Product: PDFNetPython3
Product Version: demo
PDFDraw()/PDFRasterizer() is very slowly!?
I need to render pdf page to image in my project, and now I am looking for some librarys(xpdf, pymupdf, pdftron).
My use case is:
- convert page of origin and modified pdfs to image
- compare the two images and display only the difference sections in GUI.
test contents:
convert a pdf file which contains 20 pages(size=A4) to image(@216dpi).
test environment:
mac mini(2018)
OS: macOS Big Sur
CPU: Intel Core i3 3.6GHz
memory: 16GB
Harddisk: 128G SSD
test result(time taken: seconds):
PyMupdf: 0.25 s
Xpdf: 0.7 s
pdftron: PDFDraw/PDFRasterizer: 10.5 s (almost 40 times of pymupdf)
Below is my code:
from datetime import datetime
from PDFNetPython3 import *
from PIL import Image
PDFNet.Initialize( "demo:******")
doc = PDFDoc("20P.pdf")
doc.InitSecurityHandler()
# ---------- pdftron draw
draw = PDFDraw()
draw.SetDPI(216)
begin = datetime.now()
for i in range(1, doc.GetPageCount() + 1):
pg = doc.GetPage(i)
bm = draw.GetBitmap(pg, PDFDraw.e_rgb)
#a = Image.frombuffer('RGB', (bm.width, bm.height), bytes(bm.GetBuffer()))
print(datetime.now() - begin)
# a.show()
#
# ---------- pdftron Rasterize
box = Page.e_crop
begin = datetime.now()
for i in range(1, doc.GetPageCount() + 1):
pg = doc.GetPage(i)
mtx = pg.GetDefaultMatrix(True, box)
pg_w = pg.GetPageWidth(box)
pg_h = pg.GetPageHeight(box)
# C) Scale matrix from PDF space to buffer space
dpi = 216
scale = dpi / 72.0 # PDF space is 72 dpi
buf_w = int(scale * pg_w)
buf_h = int(scale * pg_h)
bytes_per_pixel = 4 # BGRA buffer
mtx = Matrix2D(scale, 0, 0, scale, 0, 0).Multiply(mtx)
rast = PDFRasterizer()
buf = rast.Rasterize(pg, buf_w, buf_h, buf_w * bytes_per_pixel,
bytes_per_pixel, False, mtx)
# a = Image.frombuffer('RGBA', (buf_w, buf_h), bytes(buf))

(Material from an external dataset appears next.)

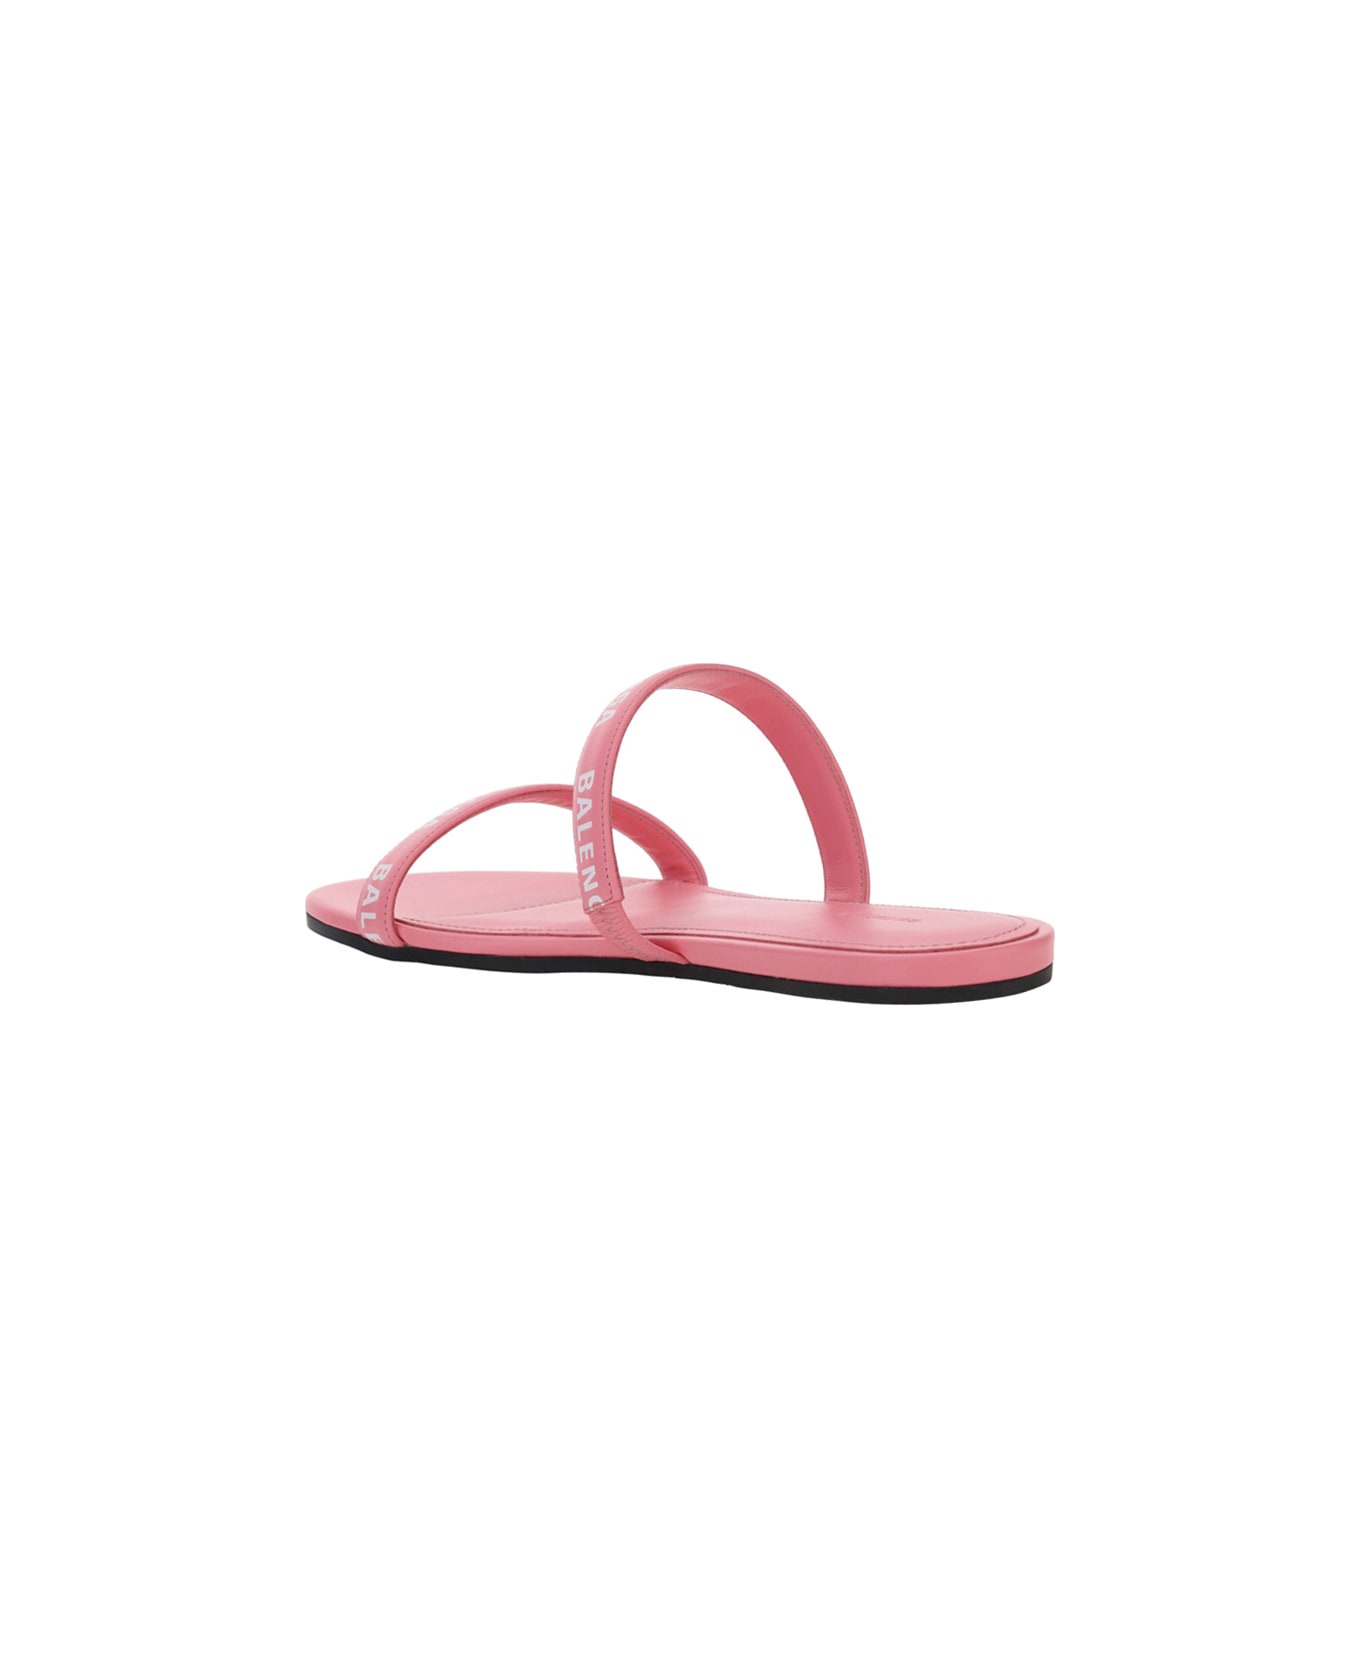 Balenciaga Round Sandal - Sweet pink/white

print(datetime.now() - begin)
code of pymupdf:
from datetime import datetime
import fitz
from PIL import Image
doc = fitz.open("20P.pdf")
ppi = fitz.Matrix(3, 3) # 72*3=216ppi
begin = datetime.now()
for p in range(doc.page_count):
pm = doc[p].get_pixmap(matrix=ppi)
pil = Image.frombuffer('RGB', (pm.width, pm.height), pm.samples)

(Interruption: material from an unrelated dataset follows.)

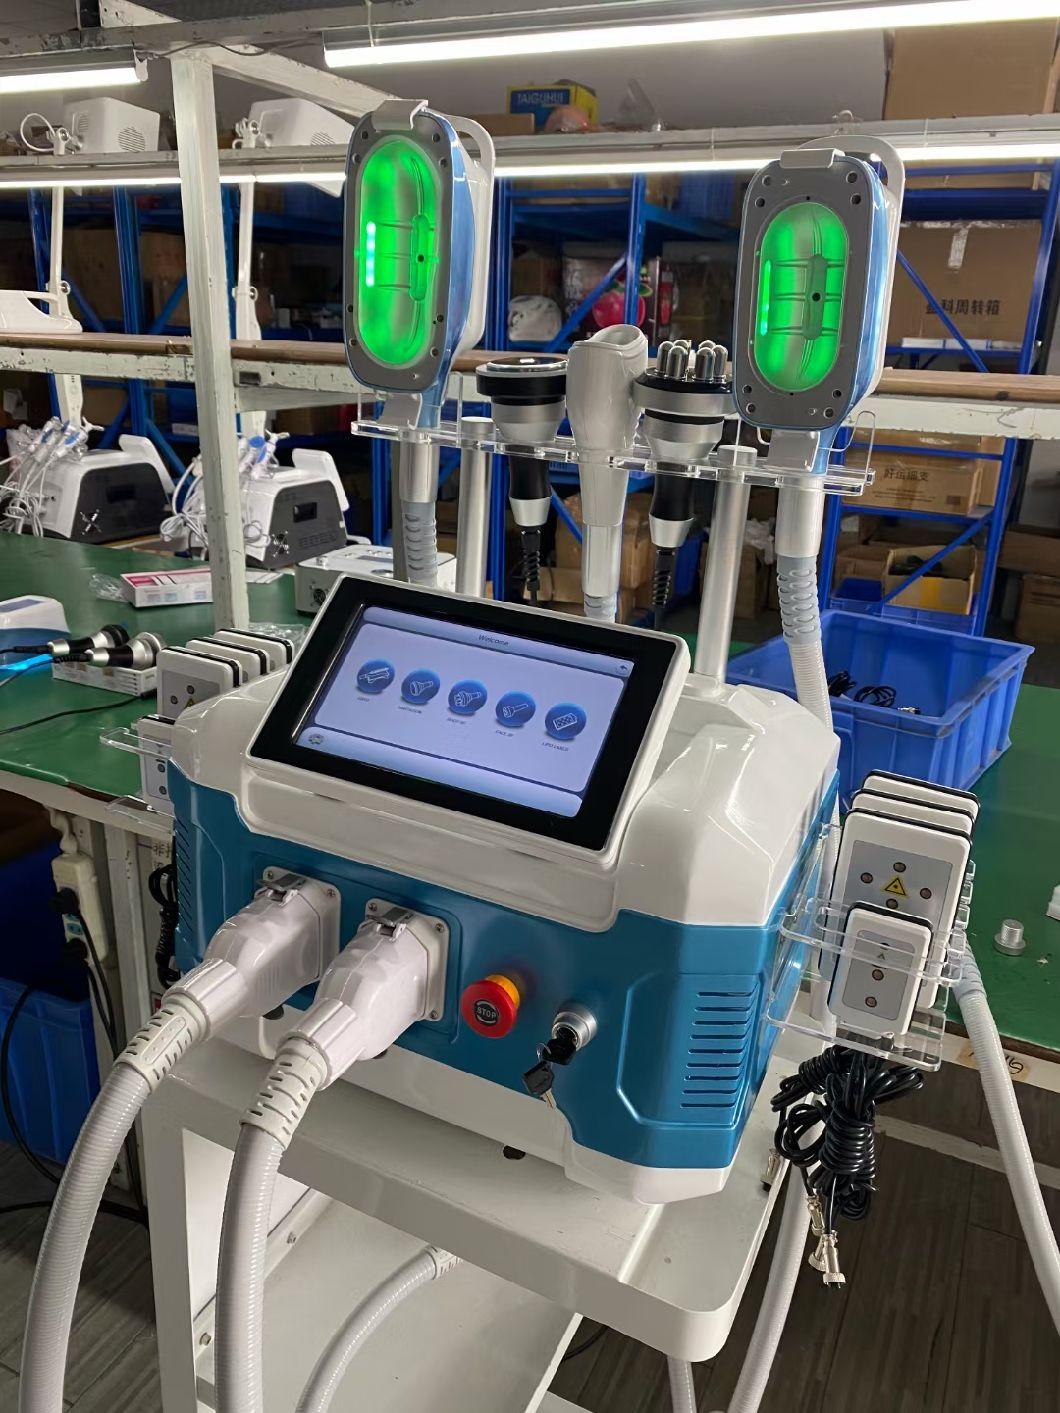 China Manufacturer Cryolipolysis Fat Freezing Machine for Sale

print(datetime.now() - begin)
code of xpdf:
from pyxpdf import Document
from pyxpdf.xpdf import RawImageOutput
from datetime import datetime
doc = Document("20P.pdf")
imgs = RawImageOutput(doc, mode="RGBA", resolution_x=216, resolution_y=216)
begin = datetime.now()
for i in range(doc.num_pages):
pil = imgs.get(i)
print(datetime.now() - begin)
I am sorry for my poor English. Did I tested in an incorrect way?
Thanks very much.